There's the time that Jean-Michel Basquiat visited his house and stole away to smoke pot in the bathroom. There's the time that President Clinton was guest of honor for a fundraising dinner and recognized a lounging female figure sculpted by George Segal as a woman he used to date in Arkansas.
There was the night when a "soused" Robert Rauschenberg accepted an award on behalf of Cy Twombly at a New York dinner and would not stop talking. "Five minutes goes by, 10 minutes goes by, 20 minutes, 30 minutes," says Broad, sitting in view of two Rauschenberg paintings in a gallery-like living room. "I finally got up and asked him to finish. People after that applauded me and said: 'Thank God you did this.' But others said: 'How could you do that to such a great artist?'"
The story suggests something of Broad's discomfort with sloppy emotional displays. And, yes, he admits that it's easier for him to analyze the price-per-square-foot of a museum building than to interpret a painting inside. "My first career was in public accounting. I was a young CPA, the youngest in the history of the state [of Michigan], so if I look at a spreadsheet I understand it quickly. Numbers are hard and fast," says the man who made a fortune in home construction.
"But it's a very different process looking at a work of art or visiting with an artist," he says, glancing at a dense Anselm Kiefer painting called "Mesopotamia" that has an enigmatic wire loop (or noose?) embedded in the surface. "It's hard to explain your emotions when you see a work of art."
Still, he says he truly enjoys the pursuit that has landed him and his wife, Edythe, on the Artnews top 10 list of collectors worldwide every year for the last 12 years. "Collecting for me isn't just about buying objects. It's an educational process, and I think it's made me a better person. I'd be bored to death if I spent all my time with other businesspeople, bankers and lawyers."
One artist he considers a friend is Jeff Koons, who started as a commodities broker on Wall Street. But they don't talk about the financial markets. "We talk about his work, his family, his children," says Broad, who even got to know Koons' first wife, Italian porn star La Cicciolina. ("She was rather unusual," he says.)

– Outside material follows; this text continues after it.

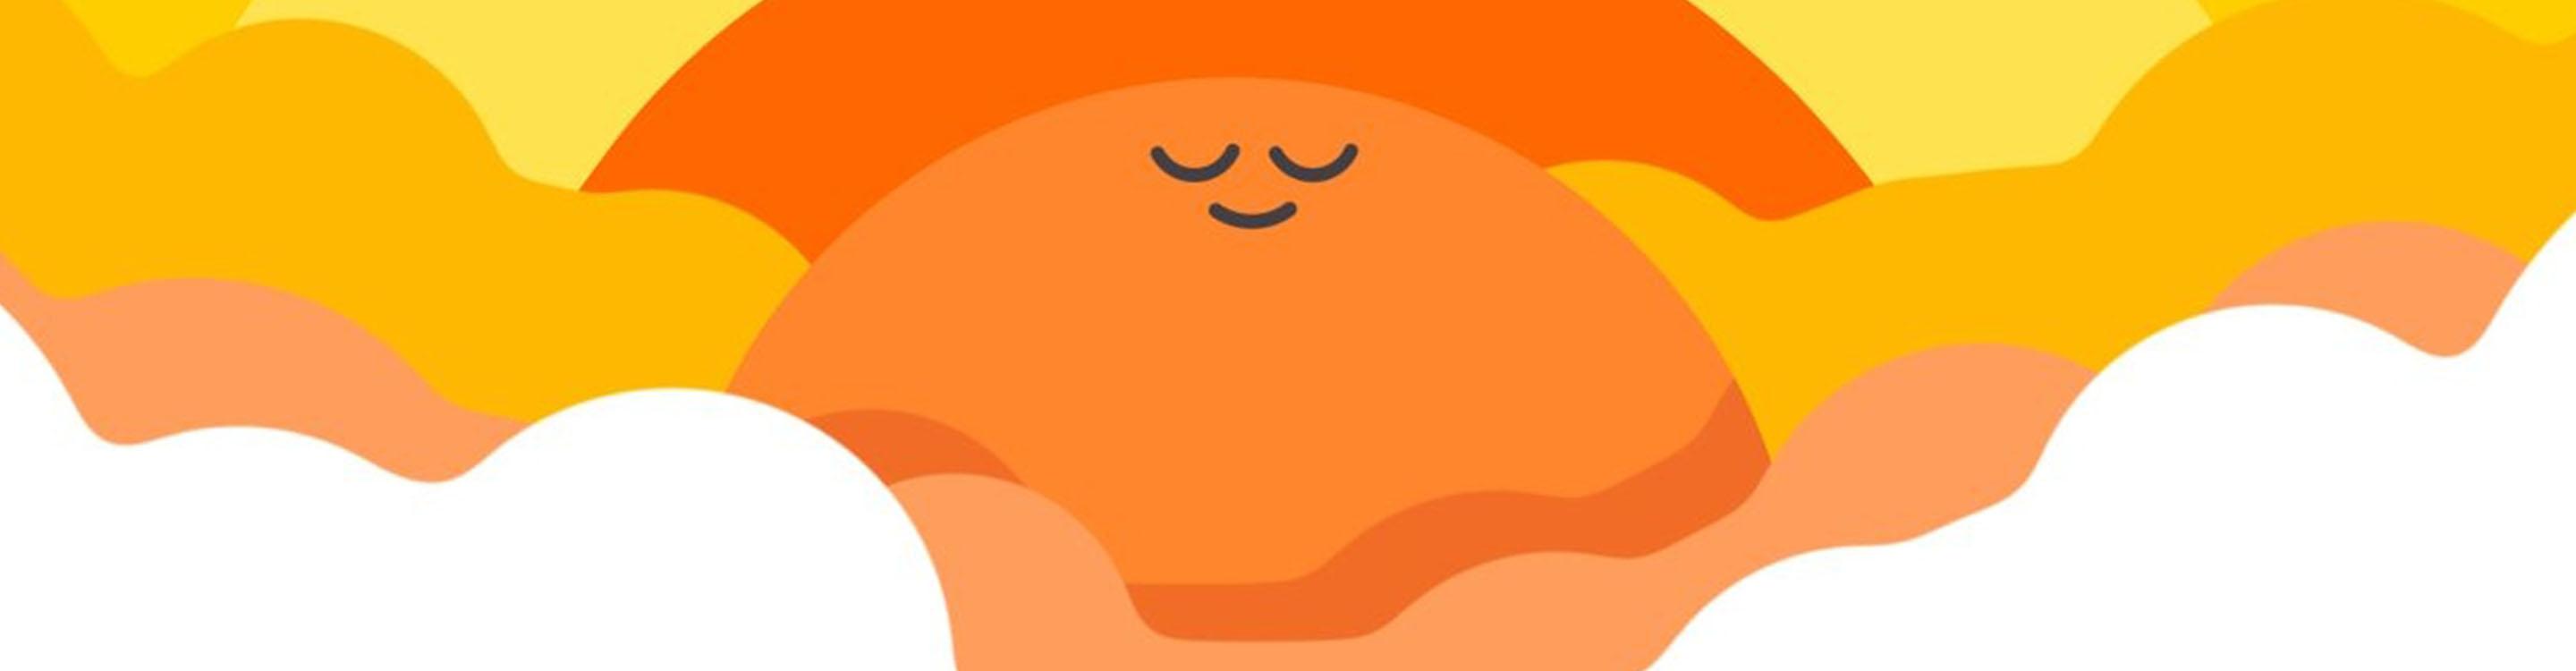 brand image for meditation app: Headspace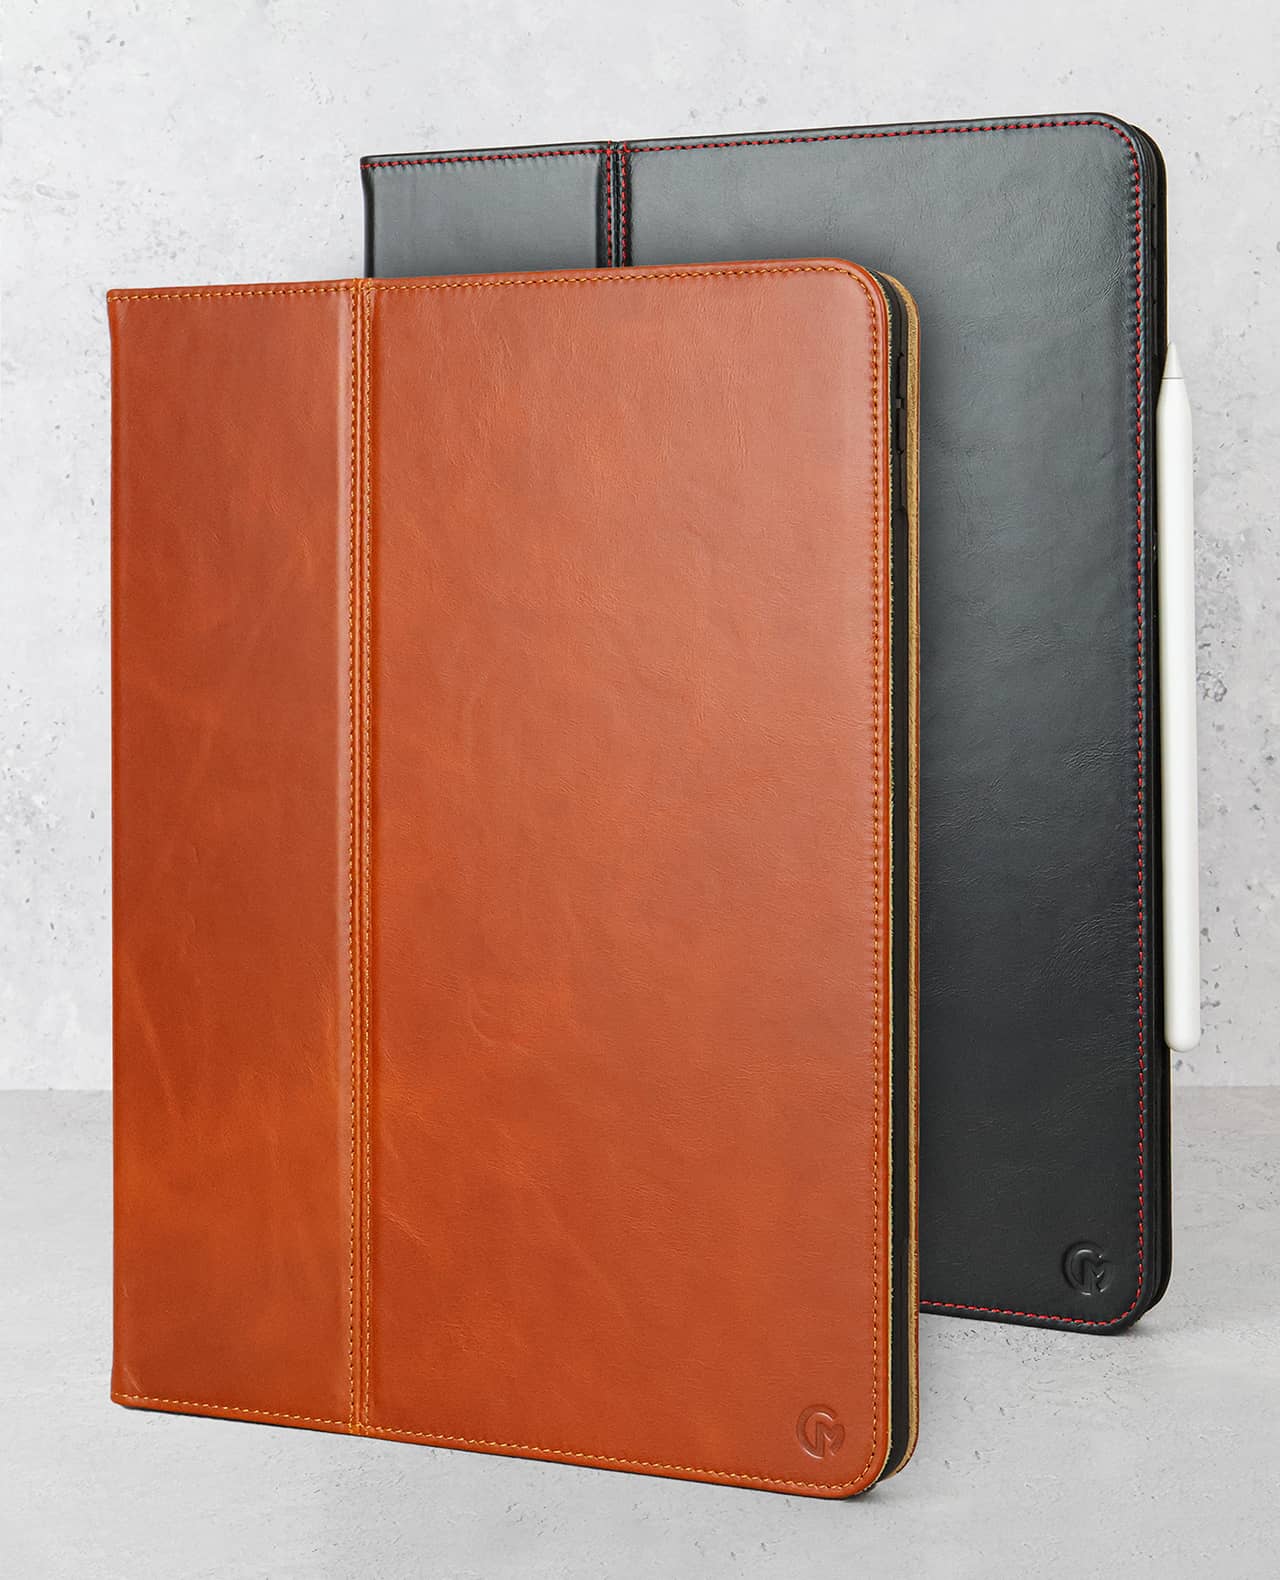 Zipped Case for iPad Pro 12.9” M1 / M2 - Tan - Granulated Leather

Over the years, the Broads have acquired 33 works by Koons (though, notably, none of the erotic "Made in Heaven" work inspired by La Cicciolina), often by fronting the costs for his expensive productions. Other artists represented in depth in their collection include Jasper Johns, Roy Lichtenstein, Andy Warhol, Basquiat, Leon Golub, Chuck Close, Susan Rothenberg and Ed Ruscha.
The Broads also own 120 works by Cindy Sherman, one of roughly a dozen photographers in a collection dominated by paintings. They began buying her prints in the early '80s for only $100 to $200 apiece after seeing "Untitled Film Stills" at her New York gallery, Metro Pictures. "It was more than photography," he says of her role-playing experiments. "It was more like theater."
A common criticism is that the Broads chase art-world trends more than setting them. Maria Bell, a friend and co-chair of the Museum of Contemporary Art board, disagrees.
"They have wound up with a lot of trophies, but these works weren't all trophies when they bought them. They often got in very early," she says. "Eli is a businessman and approaches things methodically, but there's more passion and risk-taking in that collection than people realize."
"I don't think people understand the depth of the collection, in part because so many works have been loaned out to museums," Broad says. "When we open the Broad [museum] on Grand Avenue, we will be able to show 150 to 200 works, the best in the collection. But then we are also going to program three different exhibitions a year of the artists we have in great depth."